Tuesday, September 17, 2019

Lower Bar for Powell

Wall Street has a short memory, but the memory tends to last longer when they are associated with big down days and the beginning of a sharp decline.  Almost every trader will remember that the August selloff was kicked off by a less than dovish Powell, and his mid-cycle adjustment comment, and the bear ball went further down the hill with the help of some Trump tariff announcements.  

That August selloff has all been taken back by the stock market.  But with the FOMC meeting closing in, with the accompanying dotplots and the Powell press conference, short term traders will probably be leaning bearish going into the meeting.  That means that expectations from Powell are much lower this time than back on July 31.  Powell has a lower bar to jump over to please the market this time, which makes it a bad risk reward proposition to be short going into the FOMC rate decision.  In fact, I see a higher likelihood of a short term pop rather than a short term drop after the Fed announcement.

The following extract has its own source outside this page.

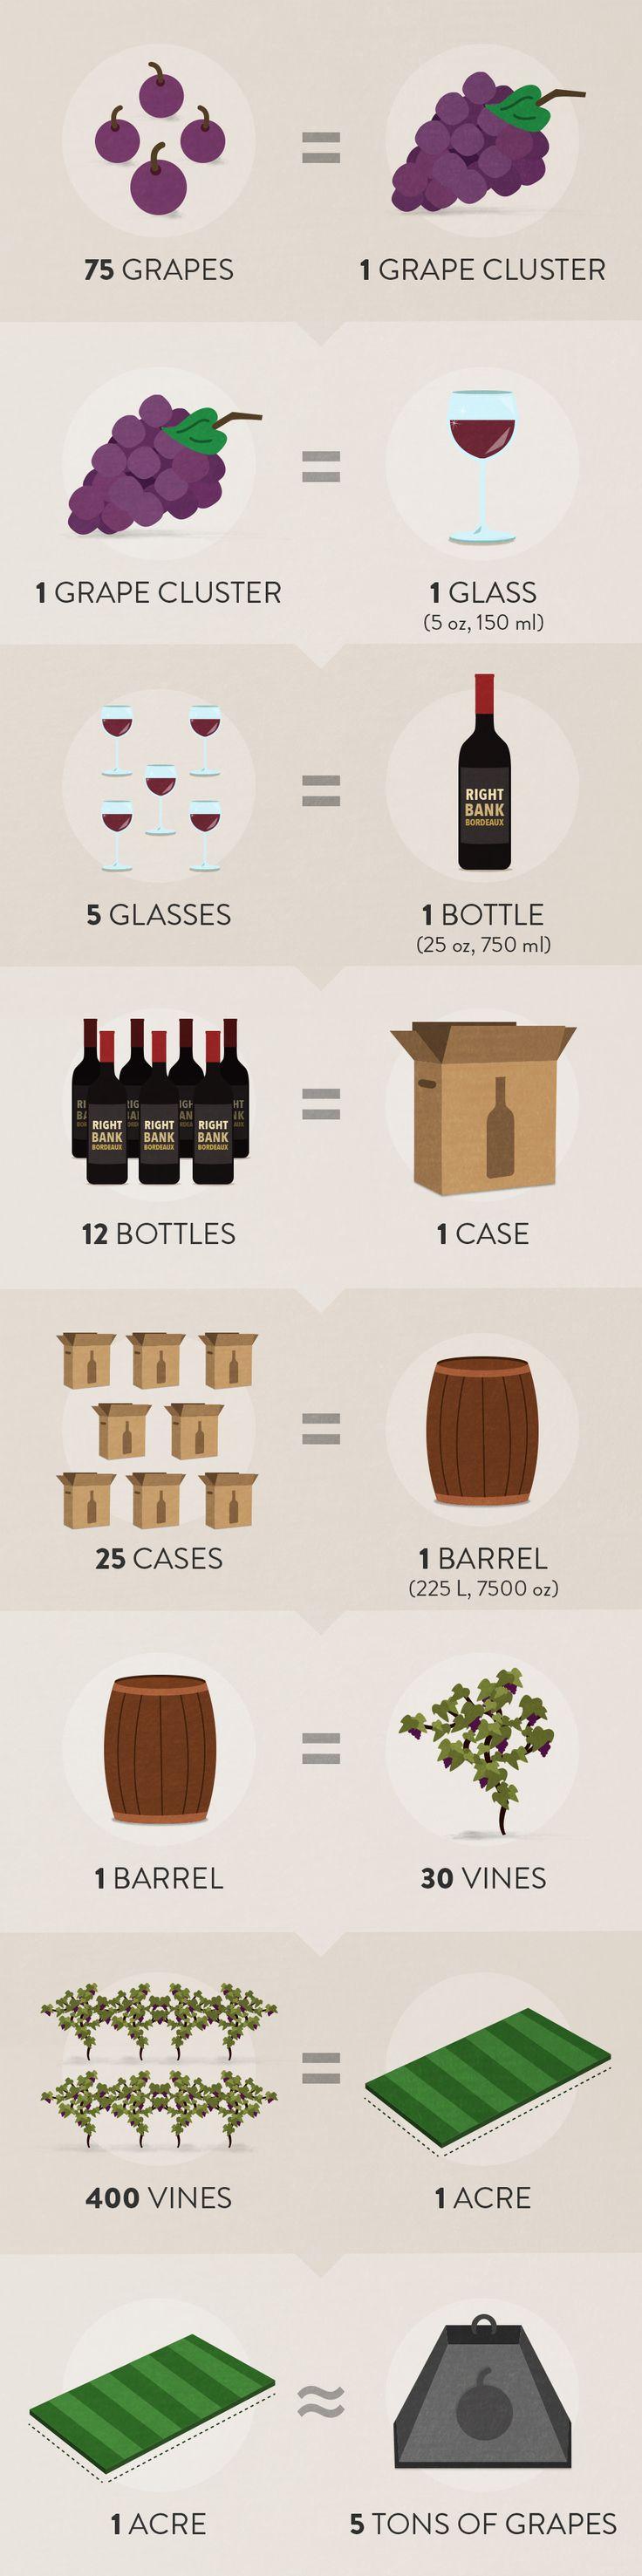 Les mathématiques du vin. Combien de raisins pour un verre de vin ?

There are also opex forces at work this week, with a bullish bias going into the quarterly options expiration.  The Saudi oil news and subsequent pullback probably provided enough fuel for a run higher into the Friday cash open SPX options expiration.  Market makers are usually short options, especially put options.  Although they hedge their exposure, they stand to gain more if markets go higher into the expiration, not lower.  

At current SPX levels of 3000, investors don't seem to be leaning bearish or bullish.  Other than the factors mentioned above, there isn't anything else that really presents an edge here.  The Saudi oil news is relevant for oil, and that's about it.  Oil doesn't really matter to the broader economy anymore because its only a small percentage of consumer spending.  And higher oil prices helps the oil producers just as much as they hurt oil consumers, so it mostly evens out in the stock market.